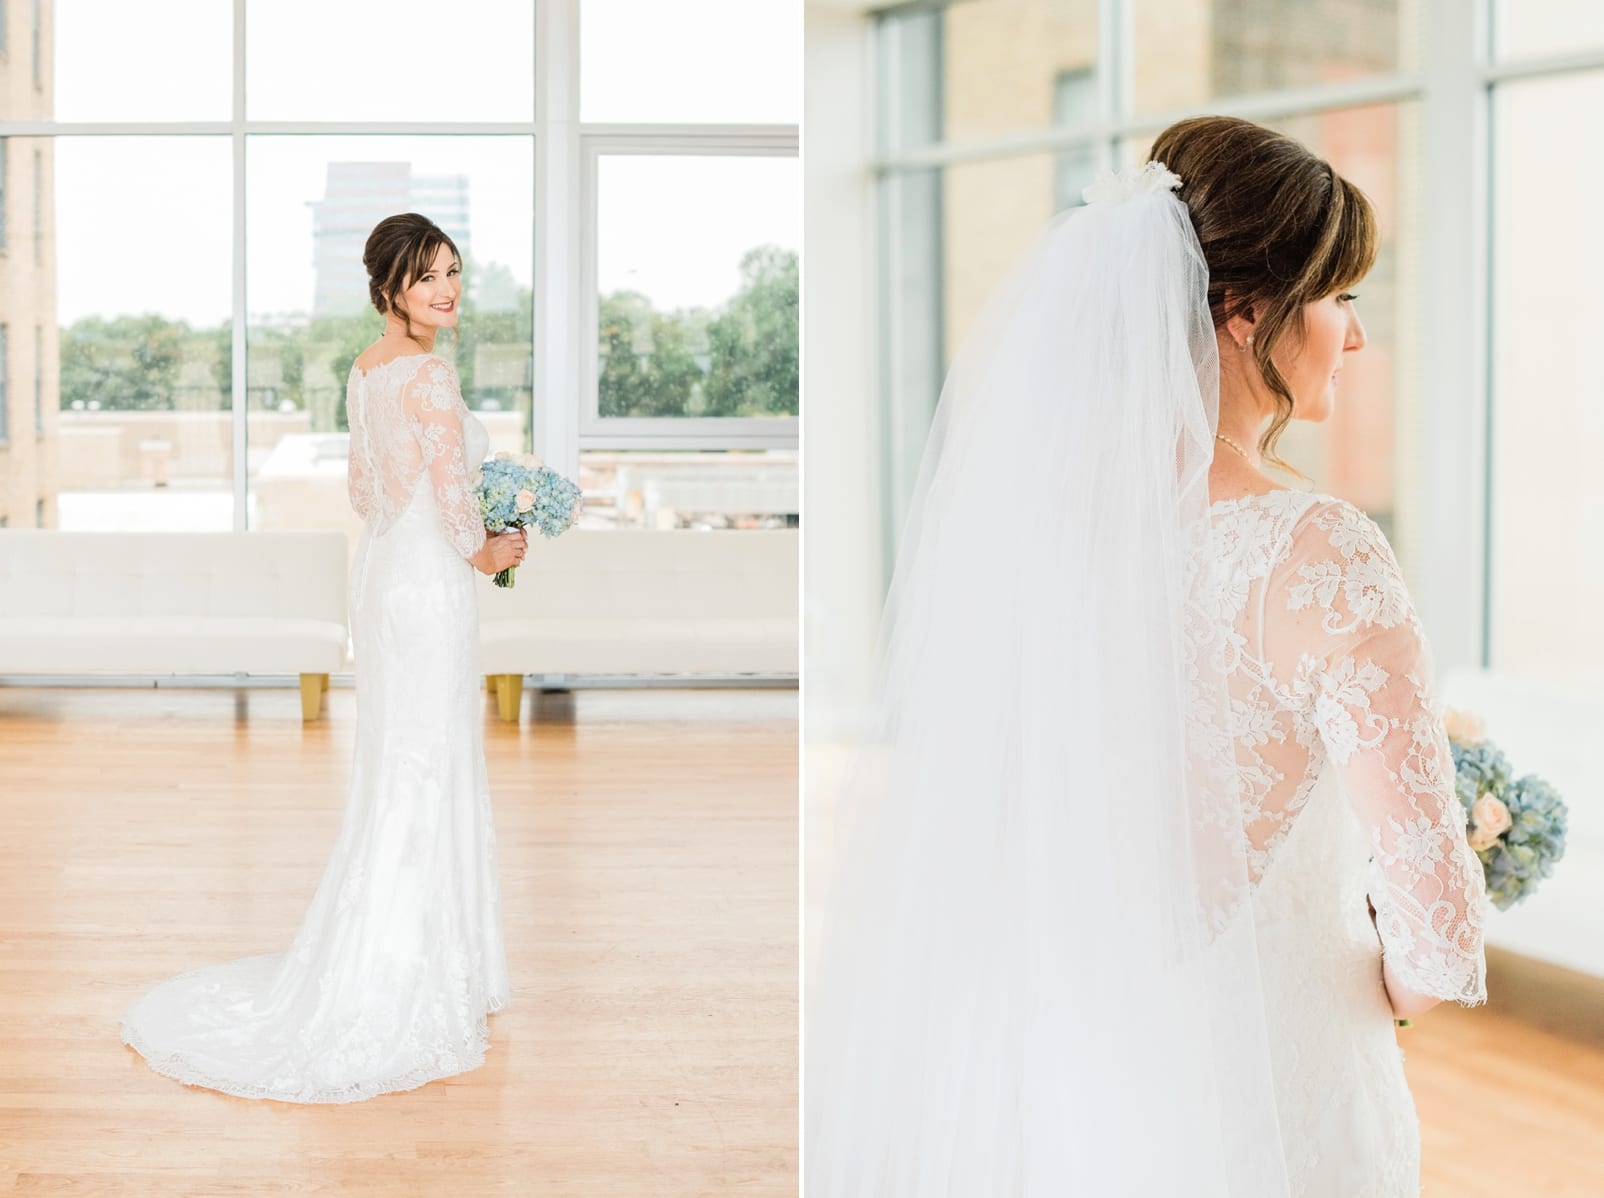 The Glass Box bride in a lace gown with a short train and a veil on photo
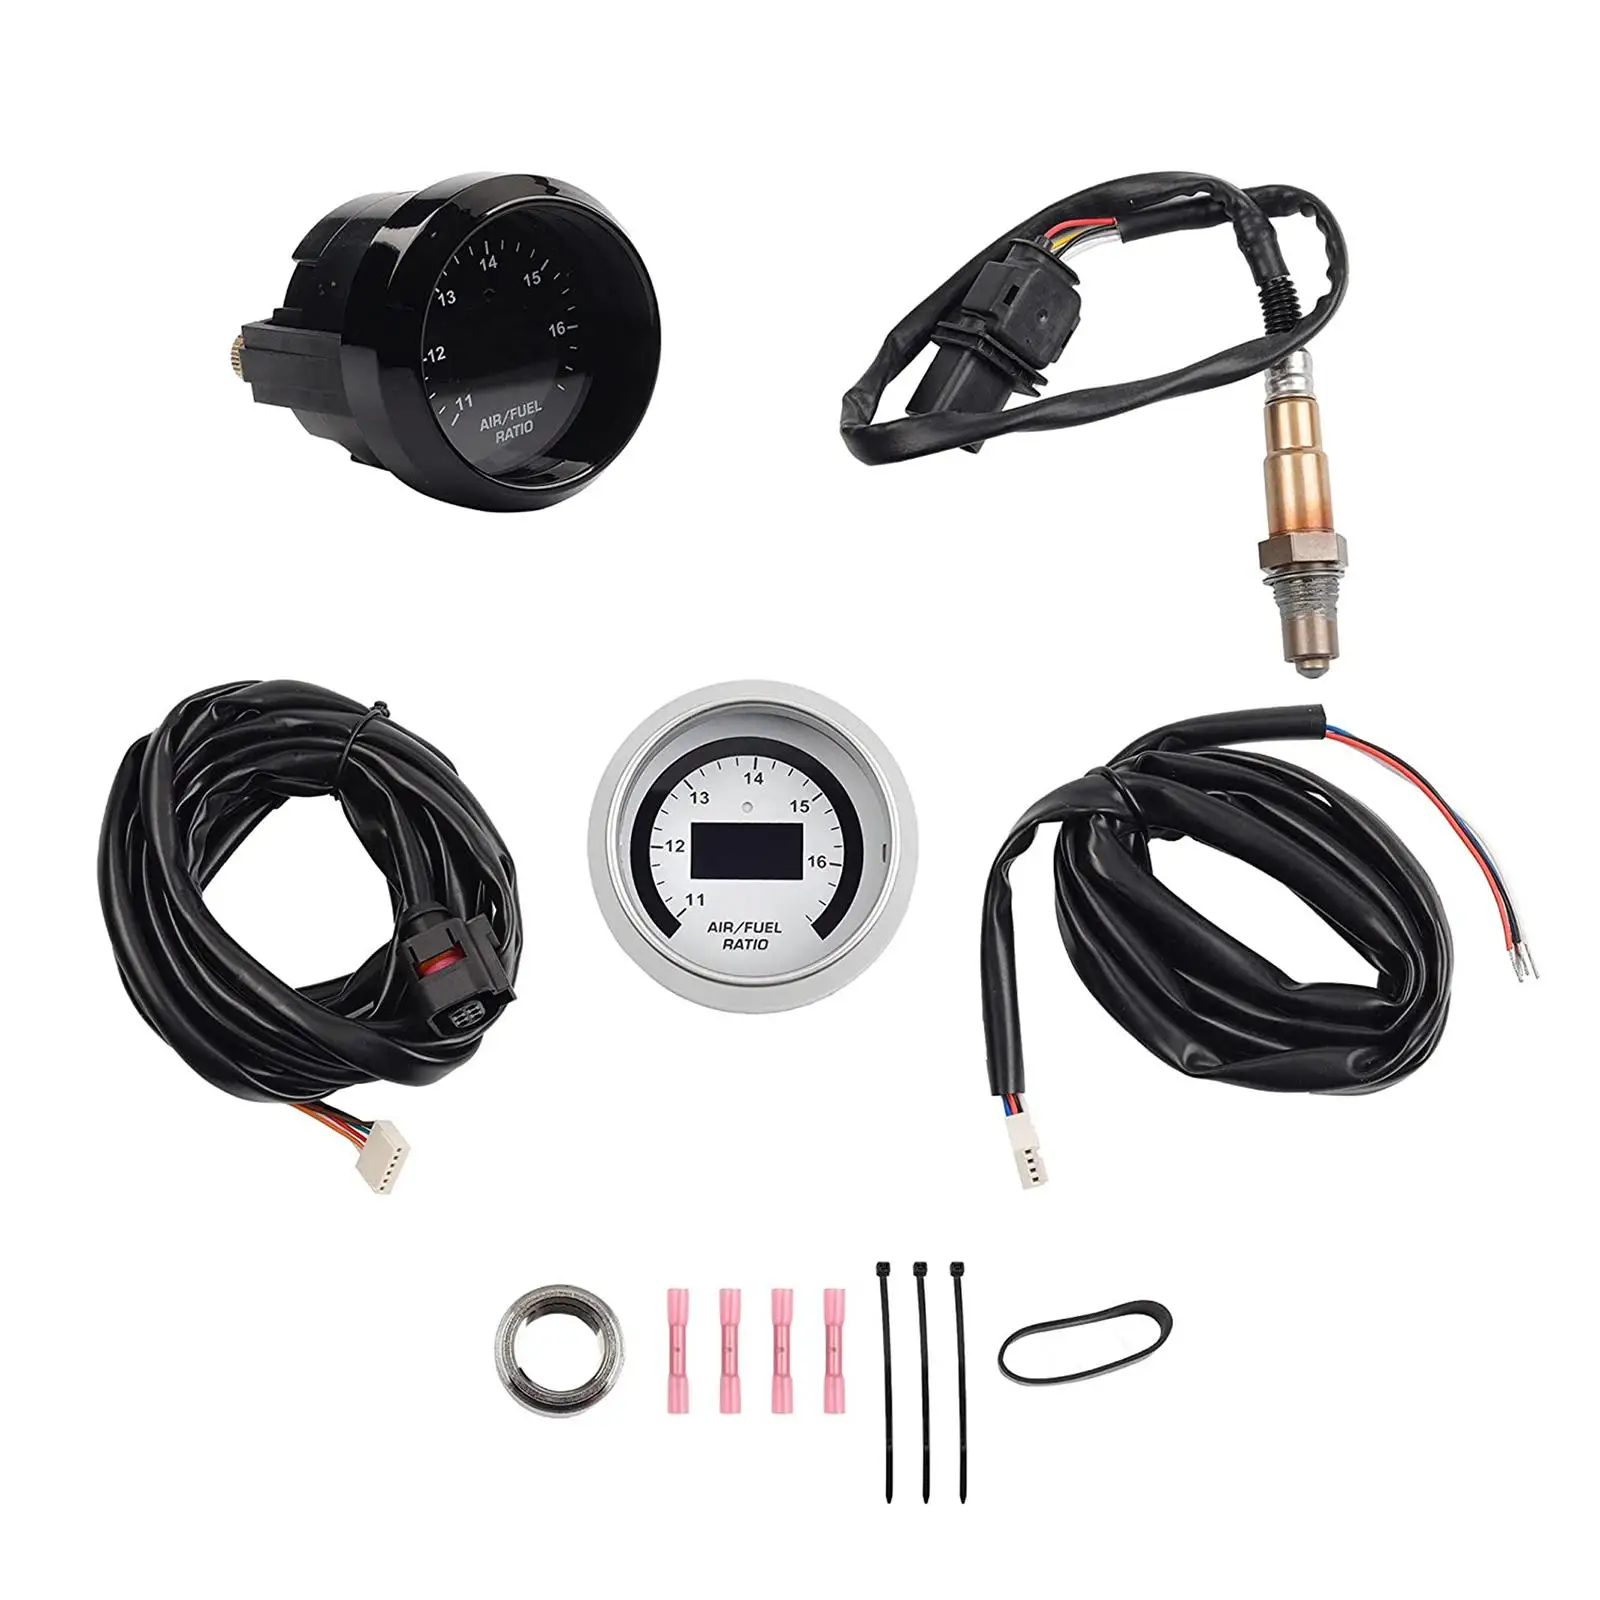 Air Fuel Ratio Gauge Kit Accessory Replaces Easy Installation Spare Parts Easy to Read Repair Parts 30-4110 Controller Gauge Set
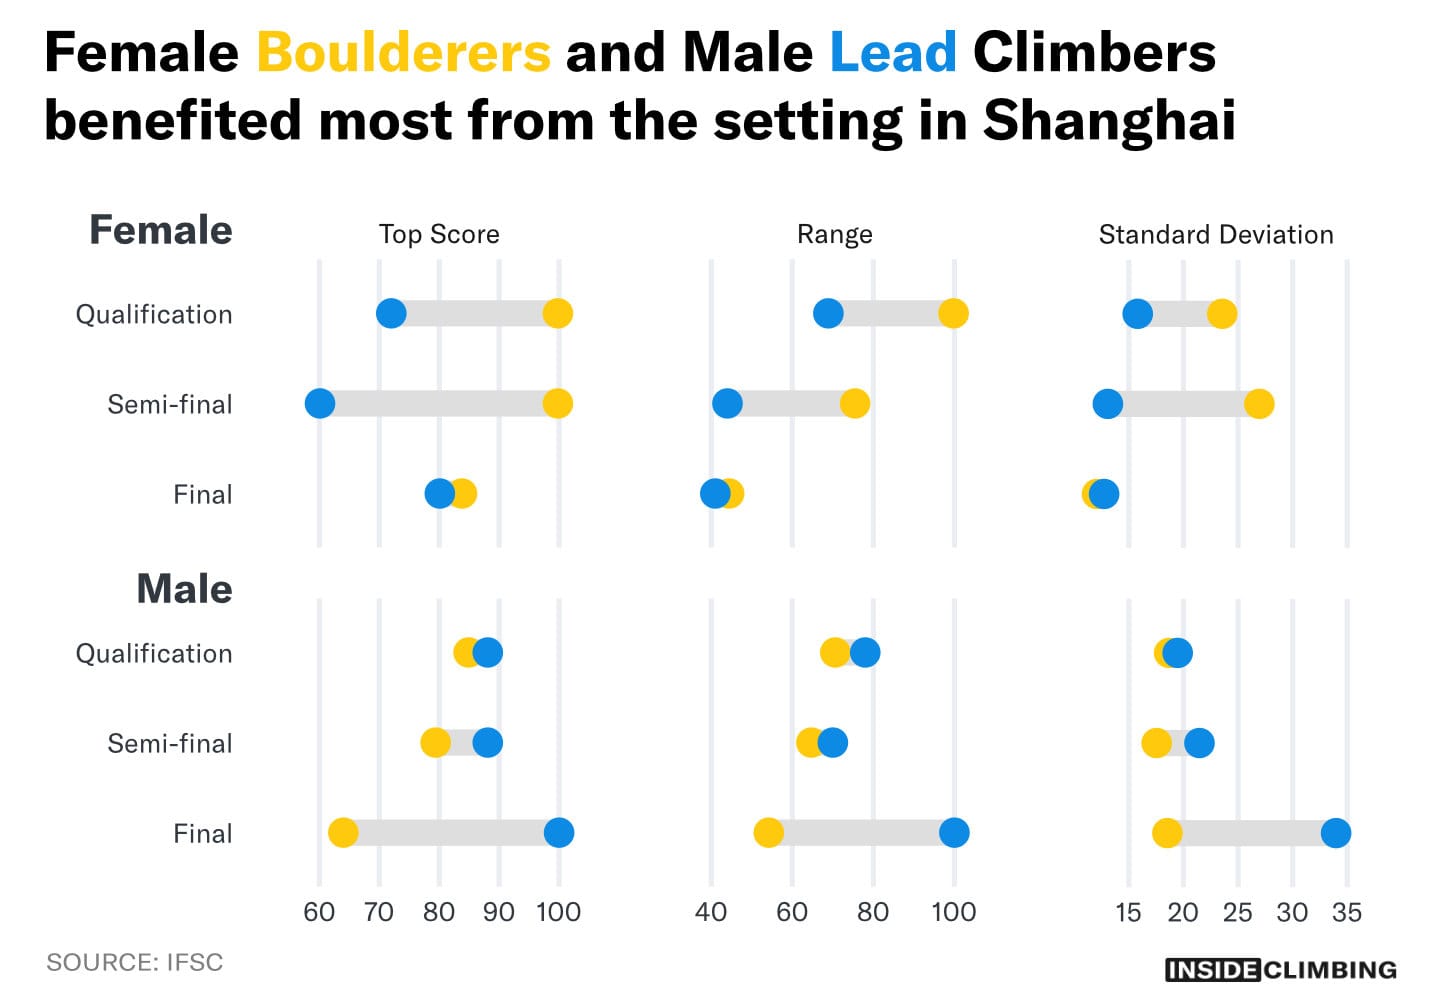 Who Benefitted from the Routesetting at the Shanghai OQS in Boulder&Lead?
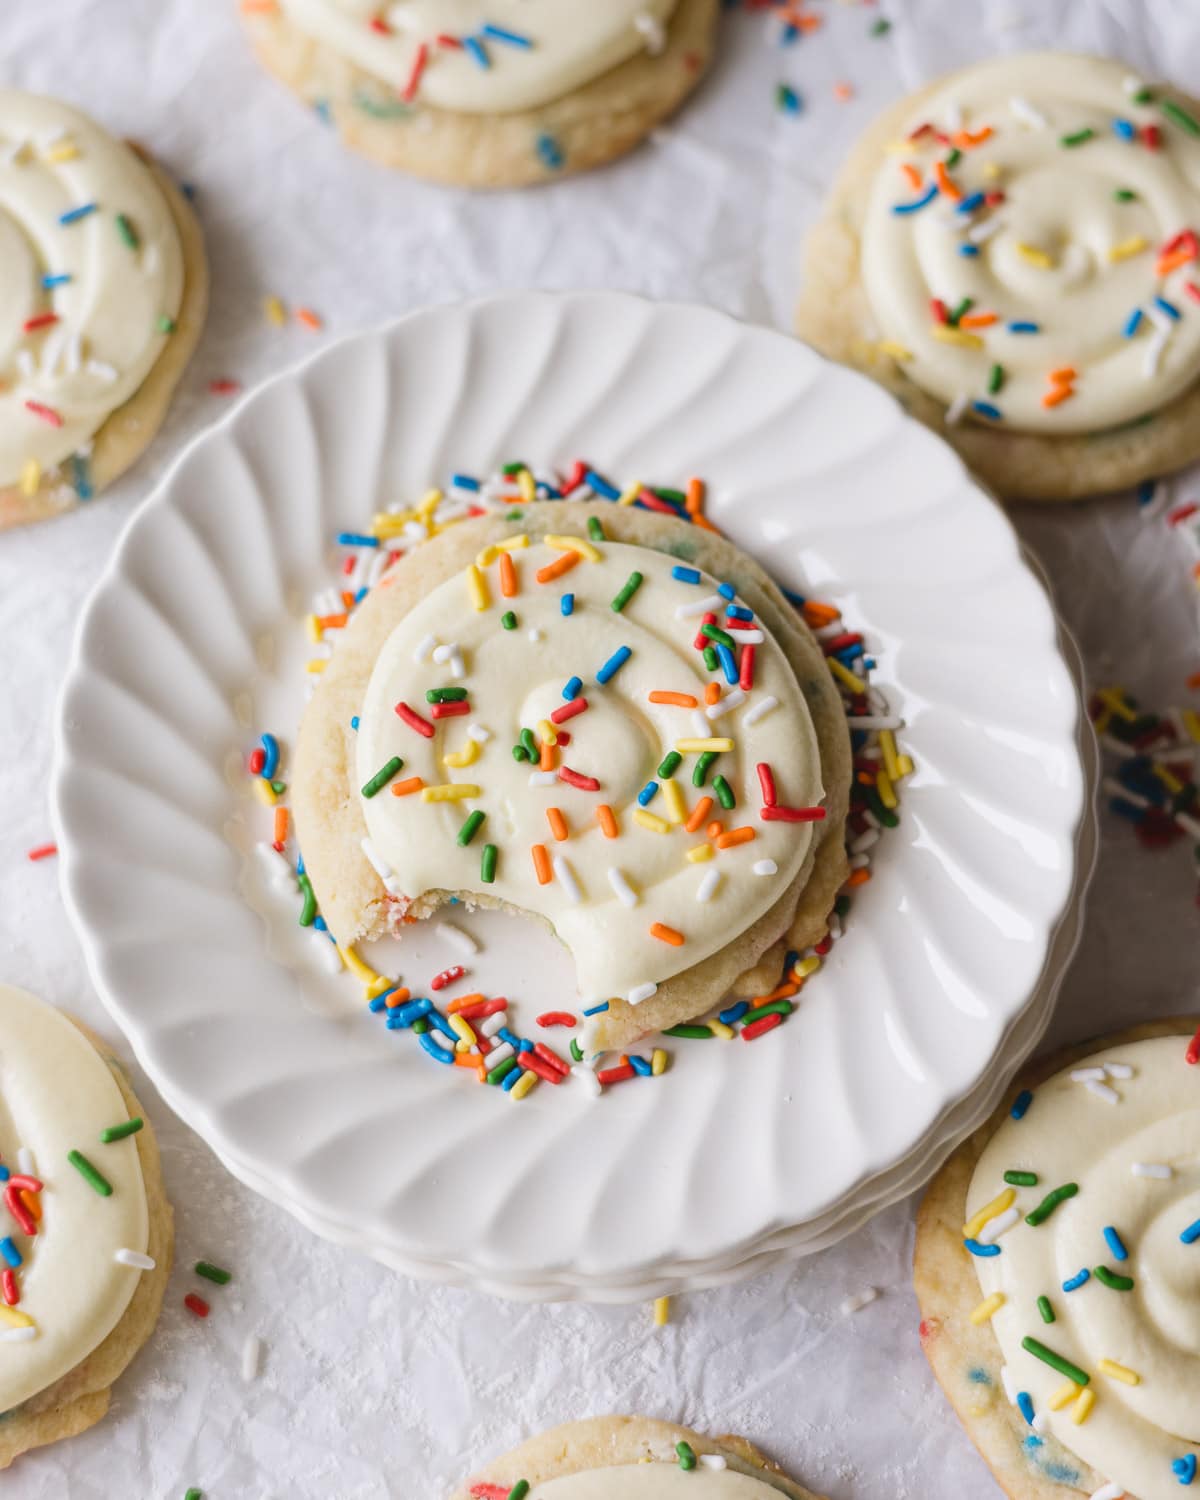 Funfetti cookies with cream cheese frosting and more sprinkles on top.
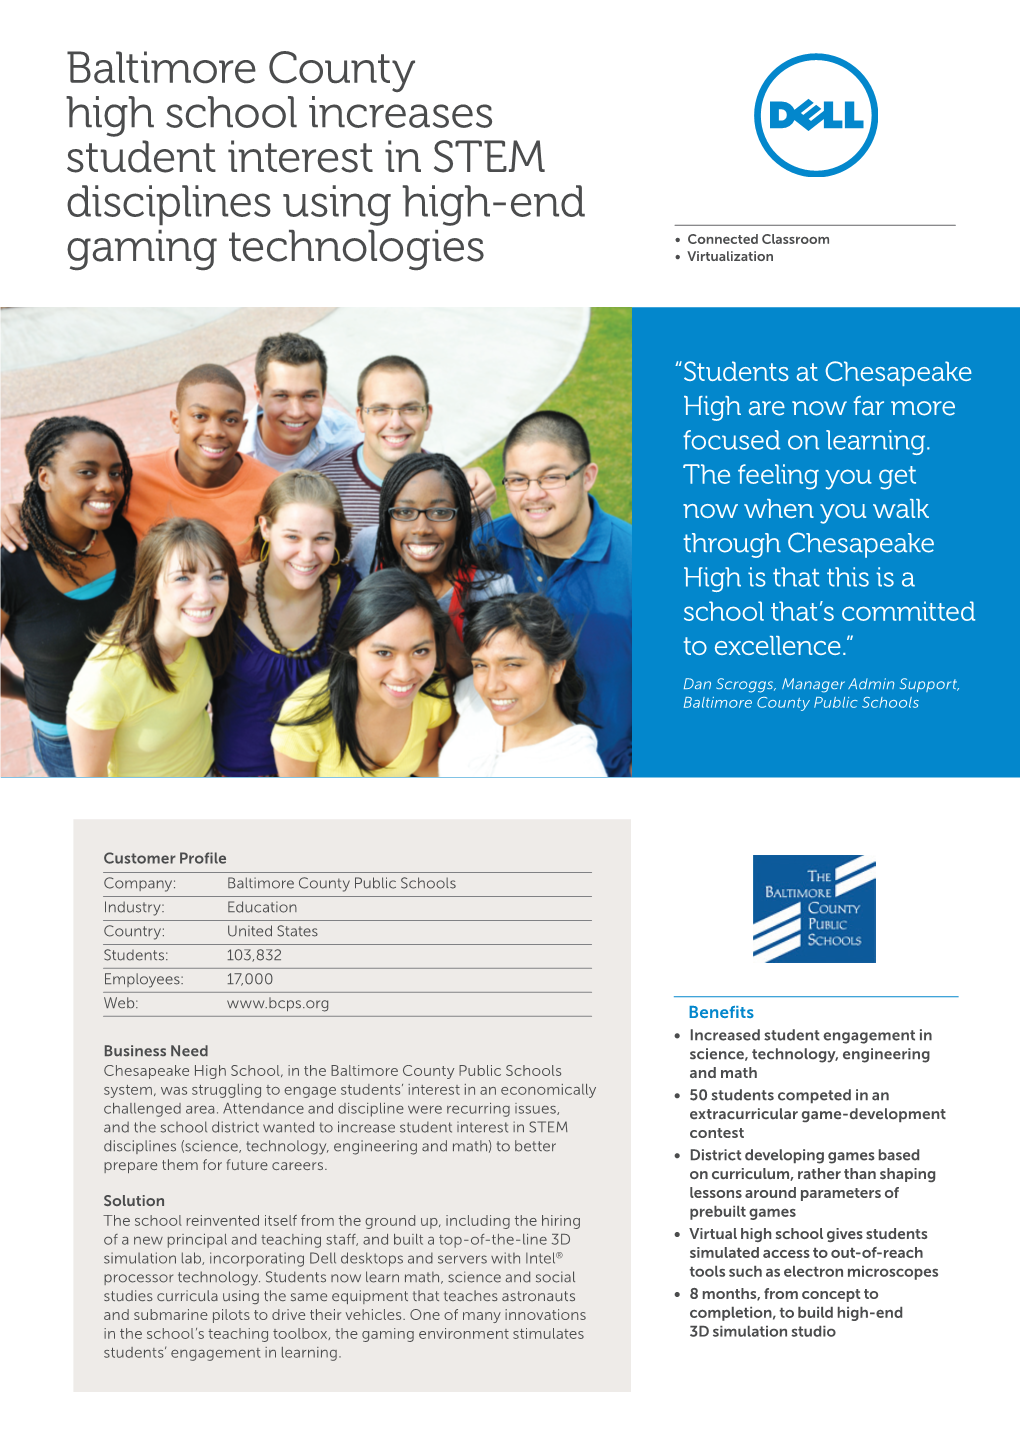 Baltimore County High School Increases Student Interest in STEM Disciplines Using High-End • Connected Classroom Gaming Technologies • Virtualization

------------------------

WORK TO BE COMPLETED: Return the listing verbatim, pictures omitted.

EXERCISE RESULT:
 The Glass Box bride in a lace gown with a short train and a veil on photo
 Air Fuel Ratio Gauge Kit Accessory Replaces Easy Installation Spare Parts Easy to Read Repair Parts 30-4110 Controller Gauge Set
 Who Benefitted from the Routesetting at the Shanghai OQS in Boulder&Lead?
 Funfetti cookies with cream cheese frosting and more sprinkles on top.
 Baltimore County High School Increases Student Interest in STEM Disciplines Using High-End • Connected Classroom Gaming Technologies • Virtualization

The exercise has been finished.